Осенью мы должны были переехать на нашу старую квартиру, но без сестер: они, с Карташевым, взяли себе другую, отдельную. С ними вскоре поселилась и сестра Карташева, кончившая медицинский институт. Третья моя сестра (умершая впоследствии в эмиграции) была в то время земским врачом на Украине.
Не скажу, чтобы в эти месяцы настроение у нас было приятное. В Париже наши разговоры с Бердяевым кончились полу-разрывом, а вскоре мы узнали и о полном: получили открытку из Троице-Сергиевской лавры, где Бердяев извещал нас, что «вошел» с женой в православную церковь, обличал нас, укорял, что мы еще думаем о борьбе с нею, а не следуем его примеру. Как будто мы когда-нибудь «выходили» из нее, как будто Д. С. боролся с церковью, а не за церковь! Кроме этой неприятности, Д. С. ждала и другая: его «Павел I», тотчас по напечатании, был конфискован. А это могло грозить и худшими последствиями…

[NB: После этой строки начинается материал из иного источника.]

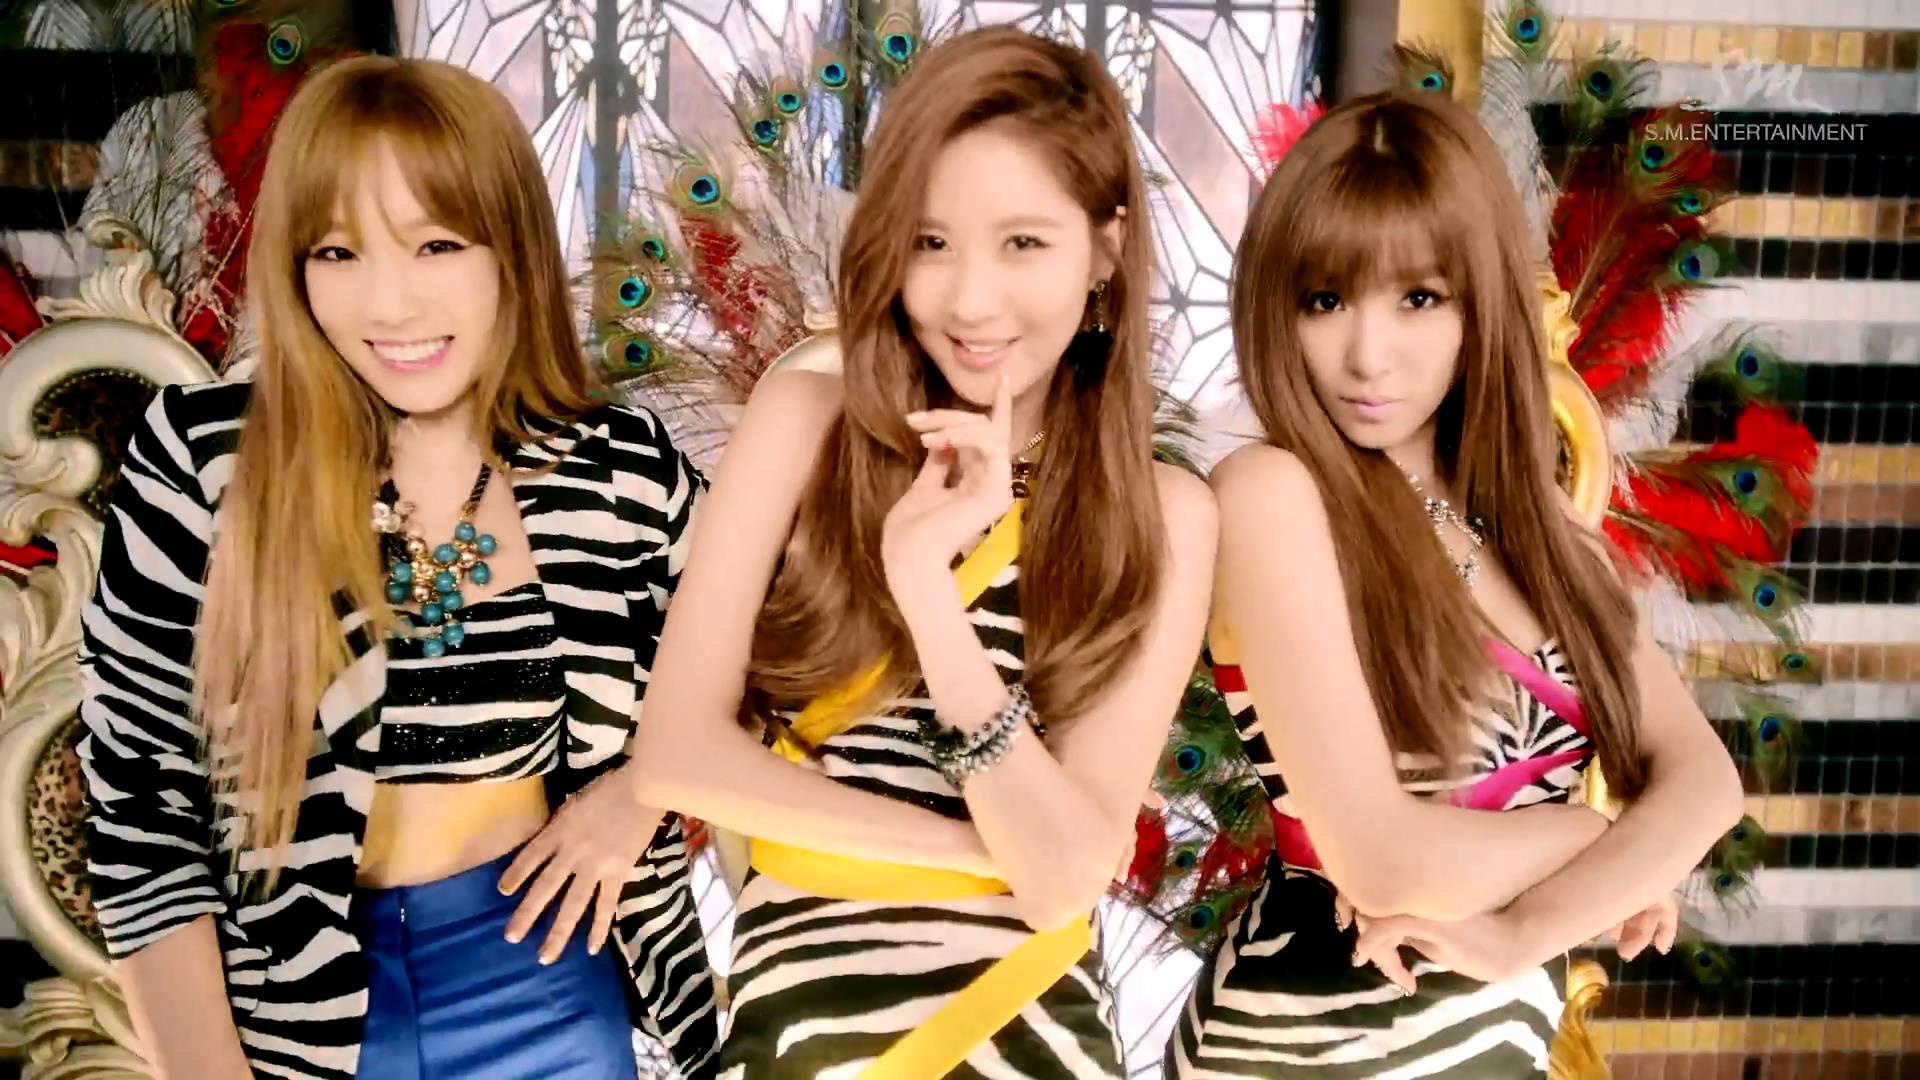 [16-08-2014]Girls' Generation TaeTiSeo phát hành MV cho ca khúc "Holler" Ttsholler2
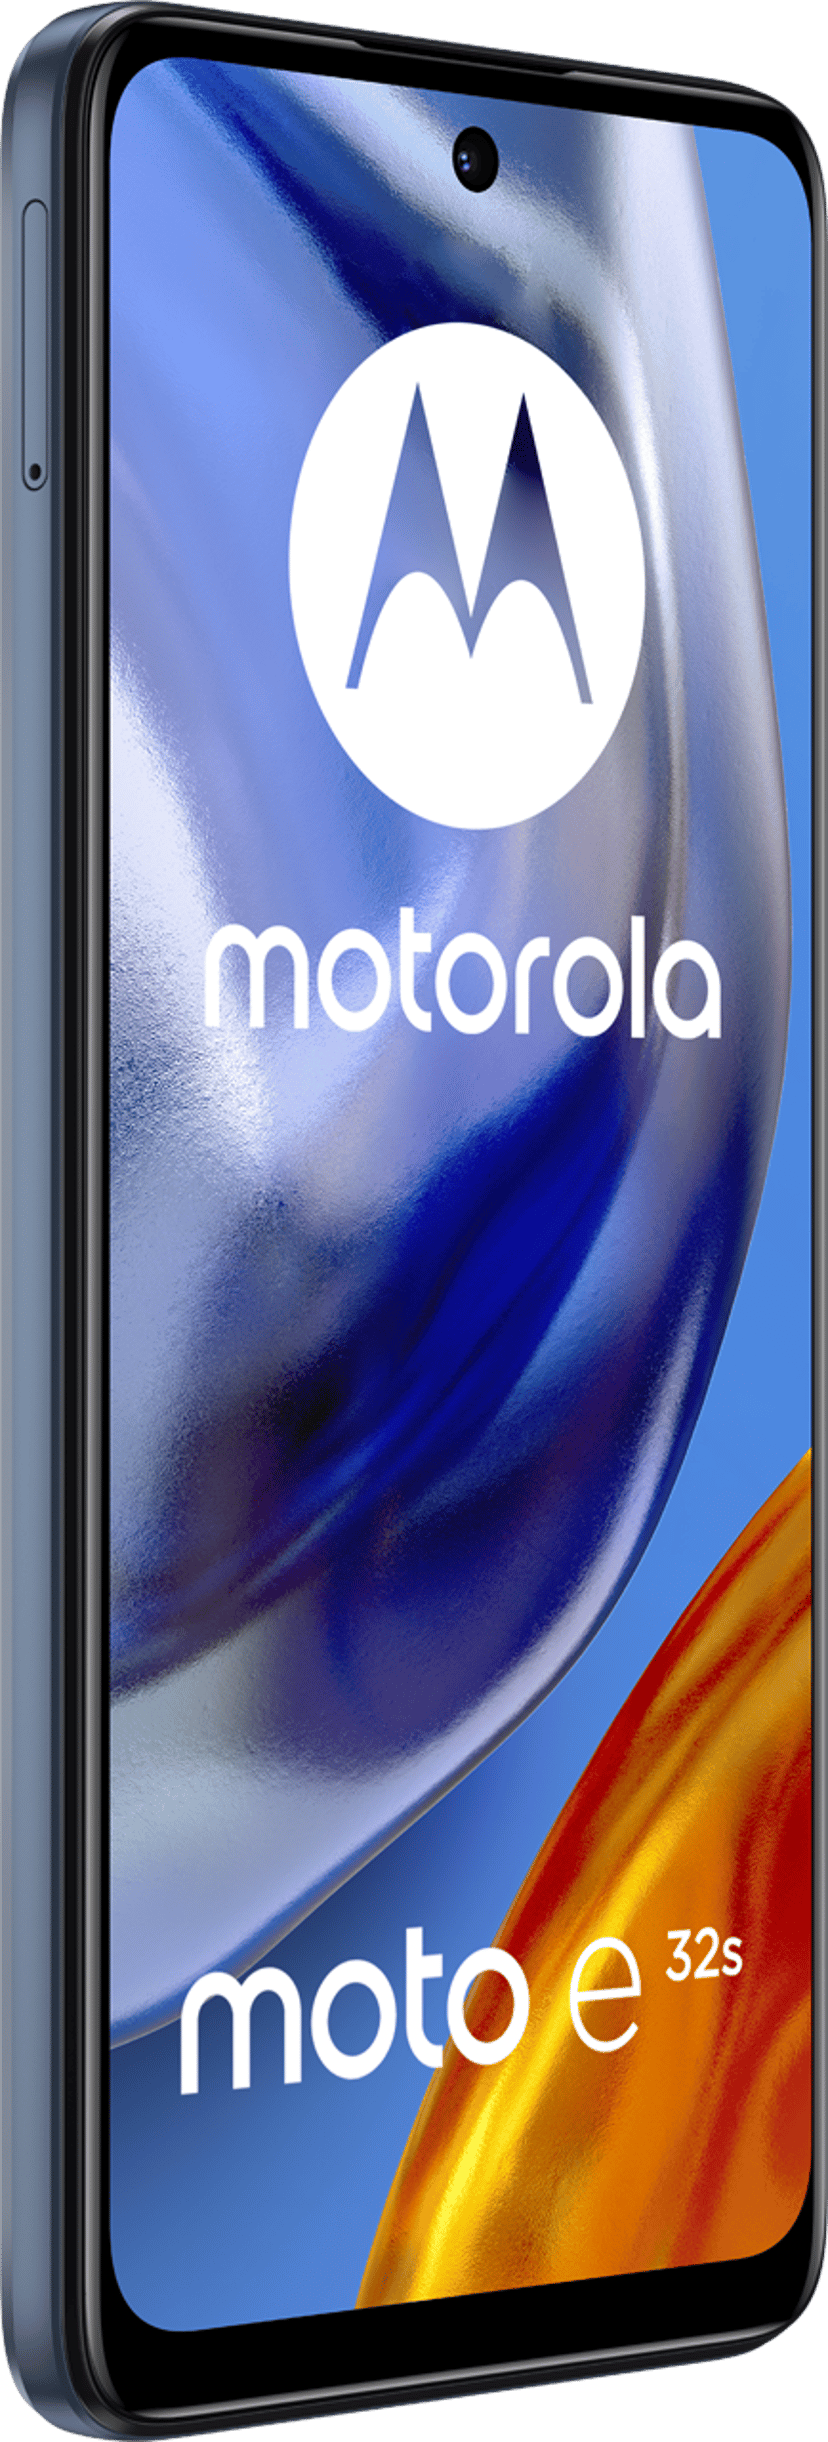 Motorola Moto E32s 32GB Dual-SIM Skiffergrå | Dustin.se

С осени, в Петербурге, жизнь пошла как-то суетливо и уж очень «литературно». Мы сравнительно недолго провели в отсутствии. Между тем изменилось за это время многое. Изменились, неуловимо, и старые друзья. Д. С. говорил, что не понимает ничего в этой новой суете. В Москве, куда мы ненадолго съездили, суеты было еще больше: неизвестно, кто с кем в дружбе, кто на ножах и почему. В Петербурге мы застали официально разрешенное Рел. — фил. общество. Затеянное Бердяевым, потом им брошенное, оно едва прозябало. Затеяно оно было как бы вроде старых Собраний, но на них не походило. Д. С. в него все-таки вошел (как и я с Д. Ф.), очень поднял его и оживил, внеся вопрос о неонародничестве и споря с марксистами. Однако это было не то. Не было настоящих двух сторон. Представители церкви туда не ходили, а просто там шли интеллигентские споры. Марксисты называли себя «богостроителями» (как поздний Desjardin), a религиозных людей называли «богоискателями», как ни защищались последние от такой нелепой клички.